Тут картина сразу изменилась. Мужик, сообразив, с кем он имеет дело и в чью дудку его заставляют свистеть, быстро слез с дерева, схватил за шею легковерного юношу, смял под себя и, наделяя его тумаками, стал приговаривать: "Вот тебе долой Царя! вот тебе долой Царя! вот тебе долой Царя!"

LV

Велыкий Князь поихав

В одном из южнорусских университетских городов во время студенческих беспорядков 1901 года молодежь собралась на железнодорожный вокзал с целью устроить демонстративные и торжественные проводы высылаемым из города обструкционистам. В зале 3-го класса в то время было много богомольцев, собравшихся в город в ожидании крестного хода по случаю переноса чудотворной иконы Божией Матери из загородного монастыря в городской.

Когда поезд с обструкционистами тронулся, их товарищи закричали "ура!" и стали махать шапками. И что же? Богомольцы тоже сняли шапки и, бросившись за уезжавшими вагонами, стали тоже кричать "ура!".
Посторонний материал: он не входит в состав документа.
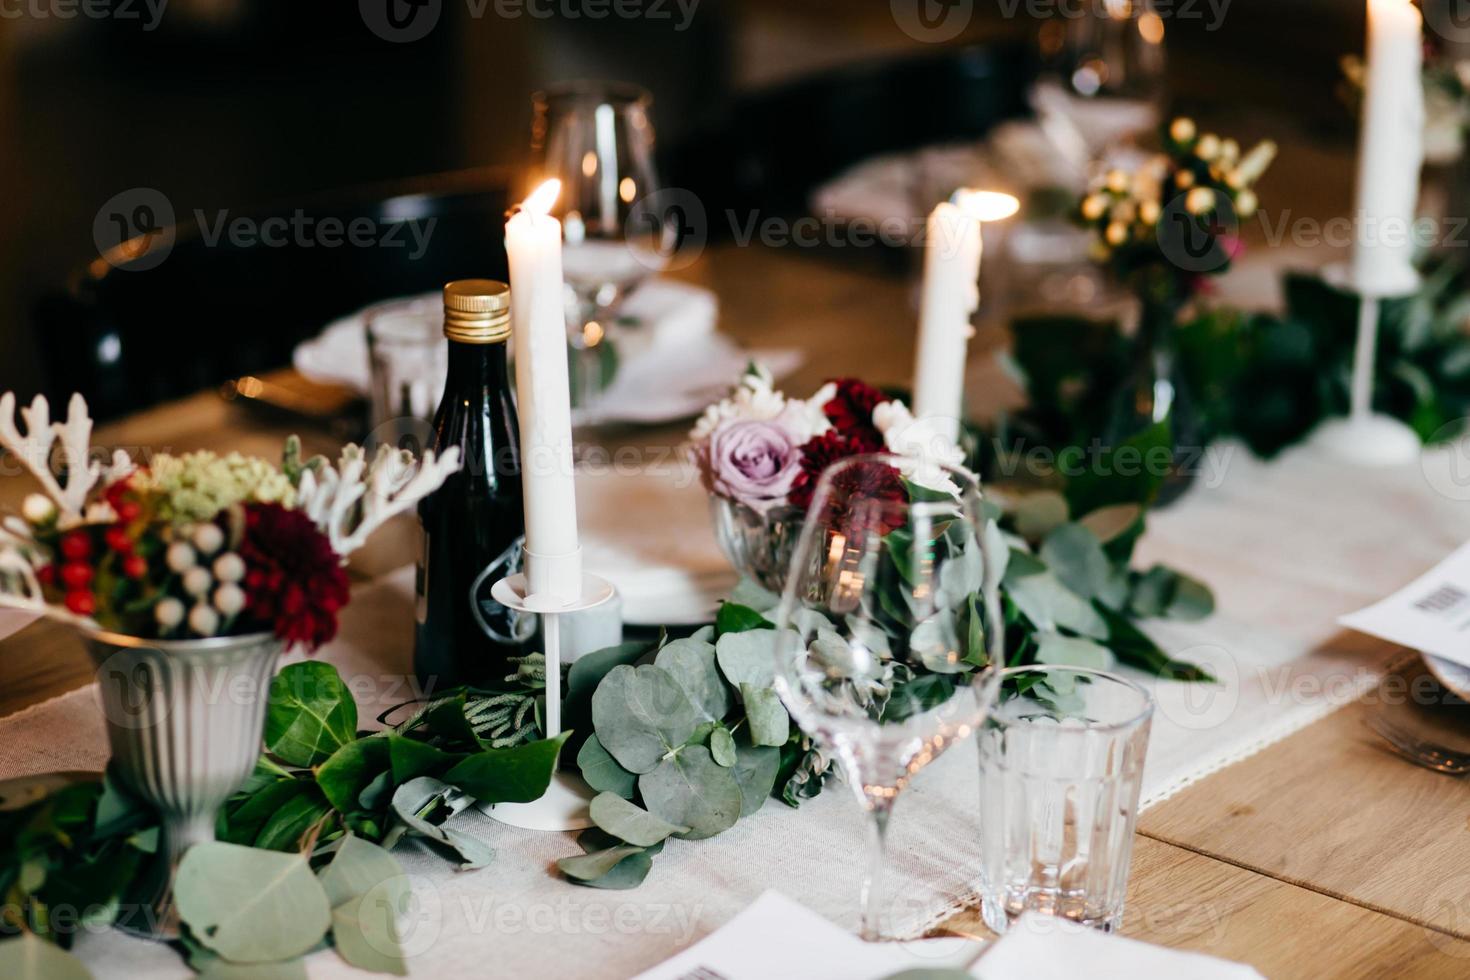 tafel geserveerd voor huwelijksfeest. kaarsen, decoratie, bestek en drankjes op feestelijke tafel. bruiloft tafel versierd met bloemen en kaarsen. tafelsetting, selectieve focus foto

Манифестанты были приятно удивлены и польщены таким красноречивым выражением народного сочувствия. Но между ними нашлись и скептики.

-- Чего вы кричите "ура"?

-- Та це ж Велыкий Князь поихав! -- простодушно отвечали богомольцы.

Извольте при таких условиях производить антимонархические демонстрации!

LVI

Русский монархизм в произведениях Тургенева

Можно ли искать каких-нибудь указаний на русский монархизм как русский политический инстинкт у Тургенева? Определенных политических убеждений у знаменитого романиста, как известно, не было, но самодержавию, во всяком случае, он не сочувствовал. Он не касался его в своих сочинениях прямо, но по намекам, разбросанным в них, нужно думать, что Тургенев плохо понимал и невысоко ценил основные начала русского царизма.

Уяснить себе его точку зрения на политические и социальные вопросы положительно невозможно.

Из "Призраков" видно, что Древний Рим и Юлий Цезарь отталкивали его от себя и возбуждали невыразимый ужас, как нечто в высшей степени грубое и грозное.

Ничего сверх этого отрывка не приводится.